• Description of the task
Images aside, the whole listing should be written out word for word.

• Exercise data
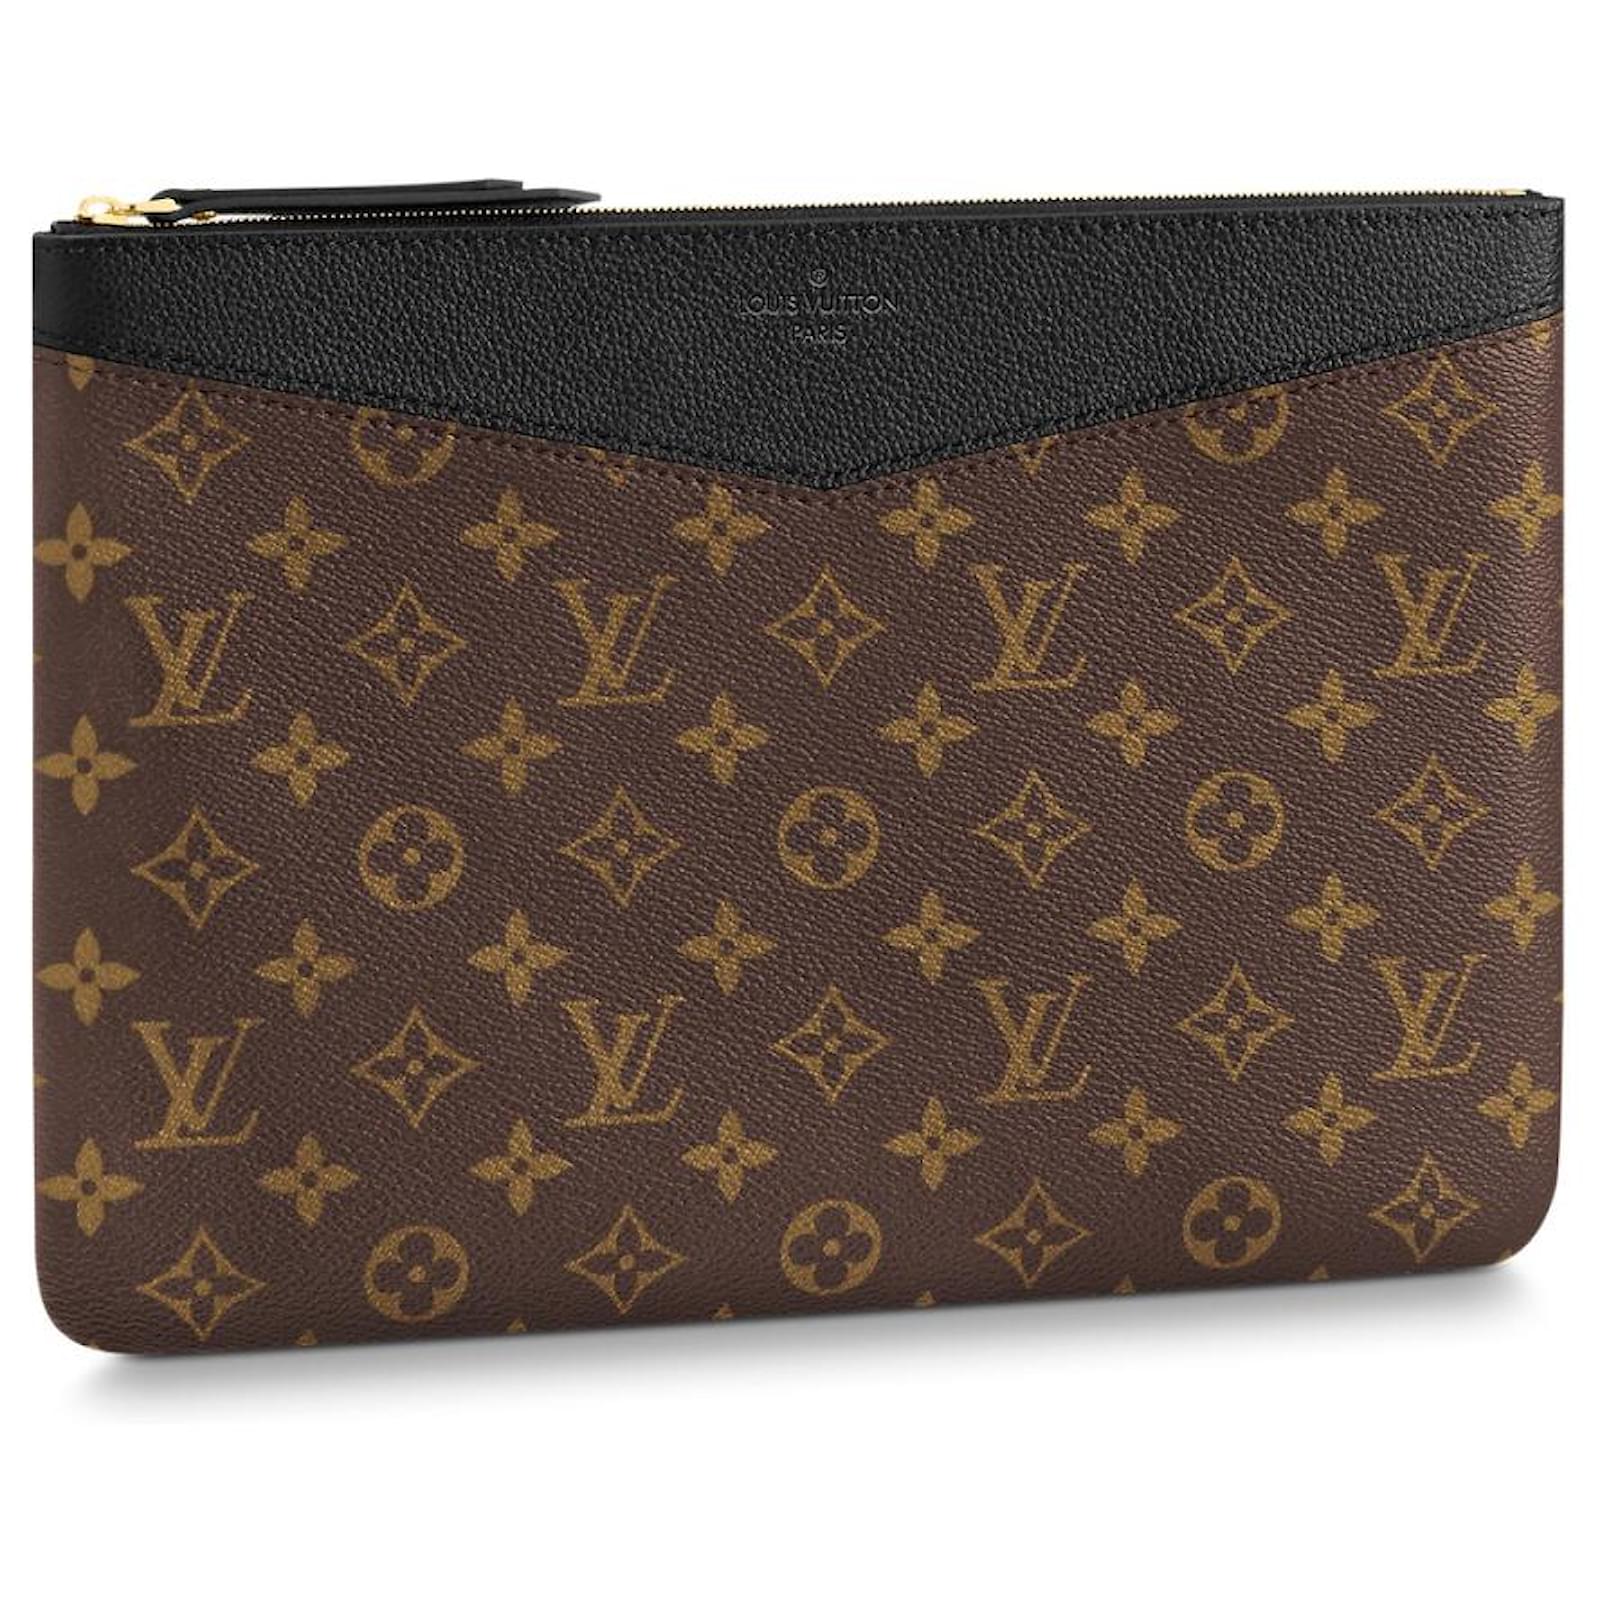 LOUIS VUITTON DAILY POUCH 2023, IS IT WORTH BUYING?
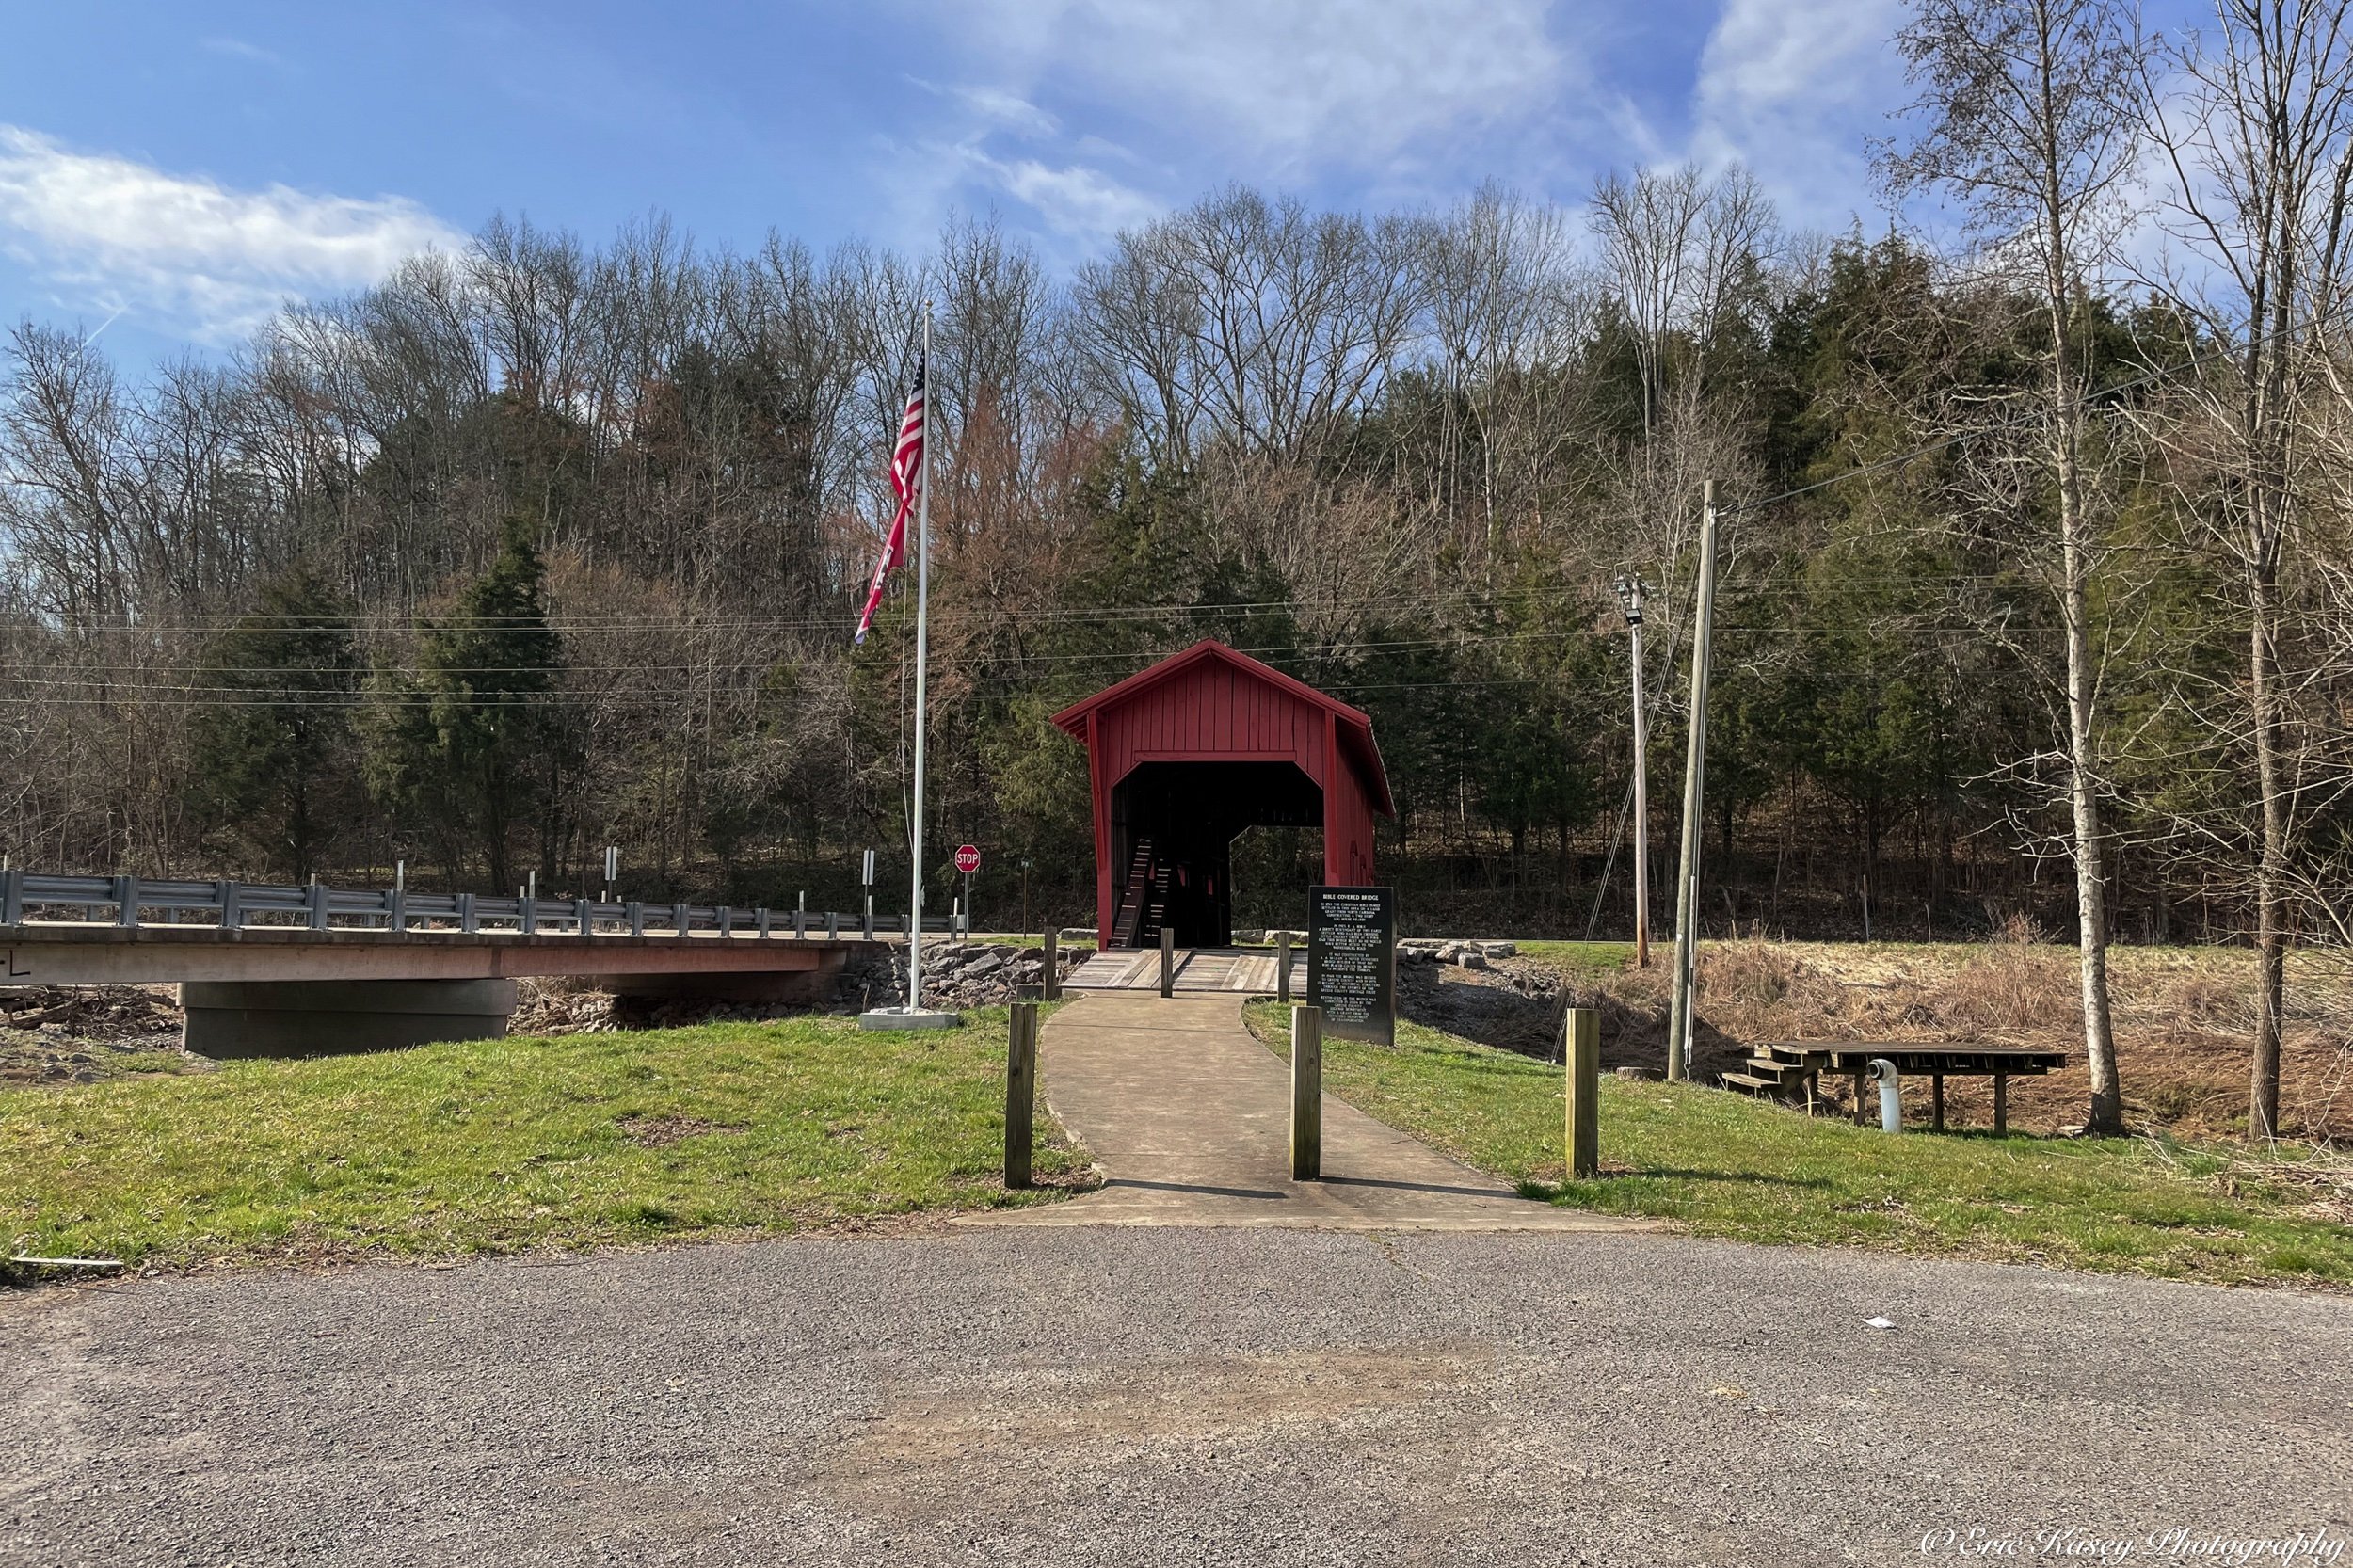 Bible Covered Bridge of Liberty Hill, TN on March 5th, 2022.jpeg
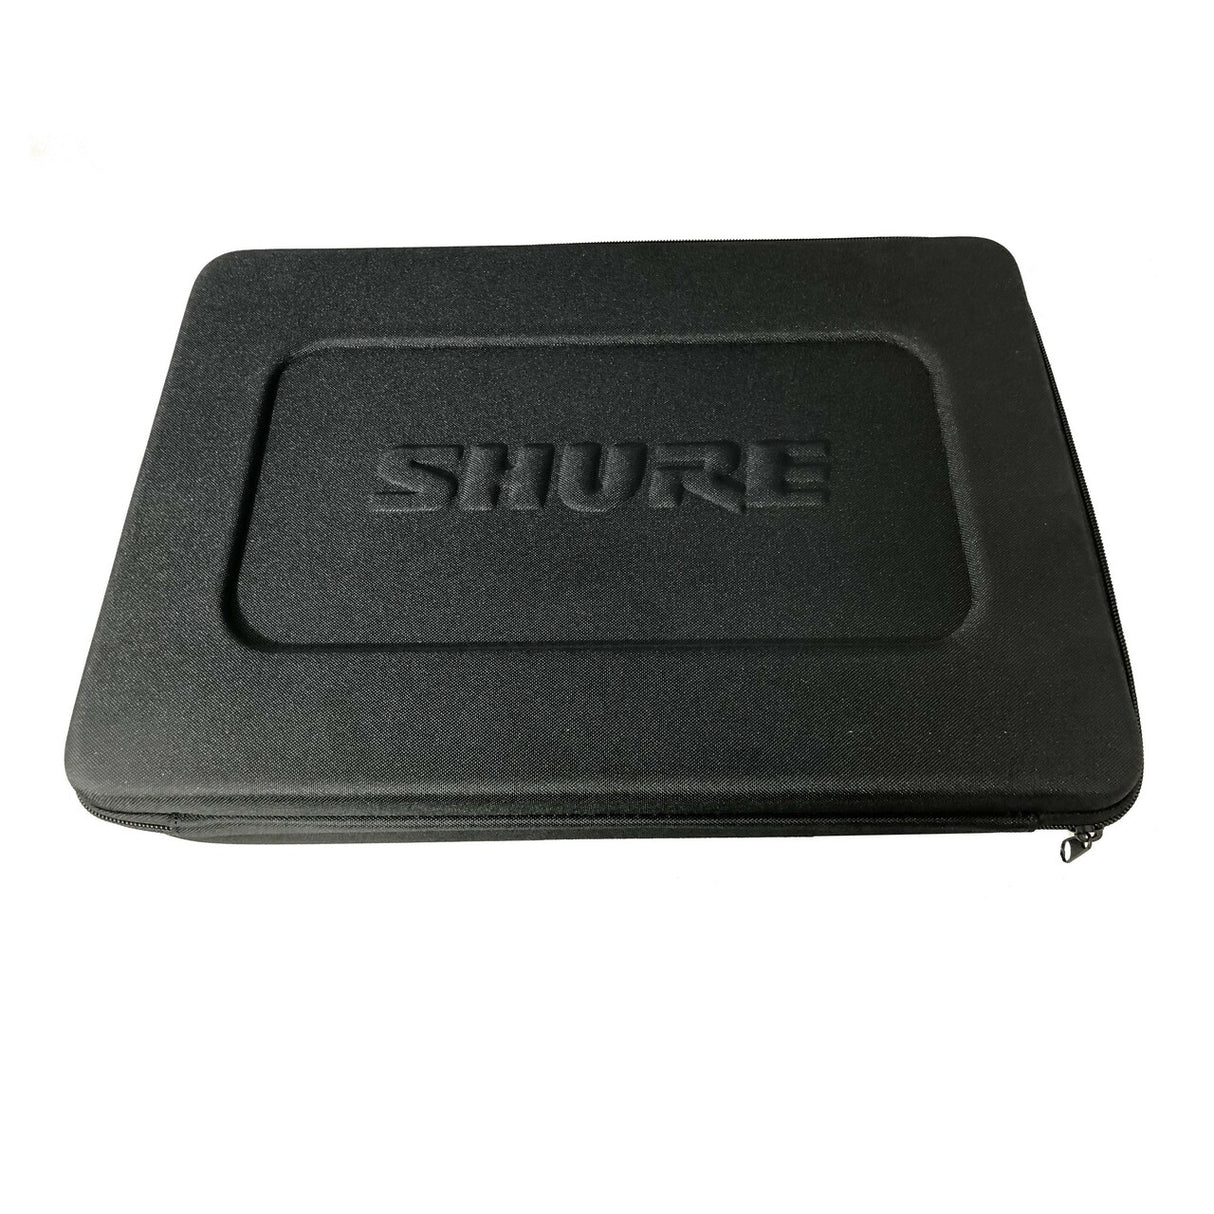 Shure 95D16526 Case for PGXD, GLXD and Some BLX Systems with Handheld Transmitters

• Answer to the problem
 LOUIS VUITTON DAILY POUCH 2023, IS IT WORTH BUYING?
 Bible Covered Bridge of Liberty Hill, TN on March 5th, 2022.jpeg
 Shure 95D16526 Case for PGXD, GLXD and Some BLX Systems with Handheld Transmitters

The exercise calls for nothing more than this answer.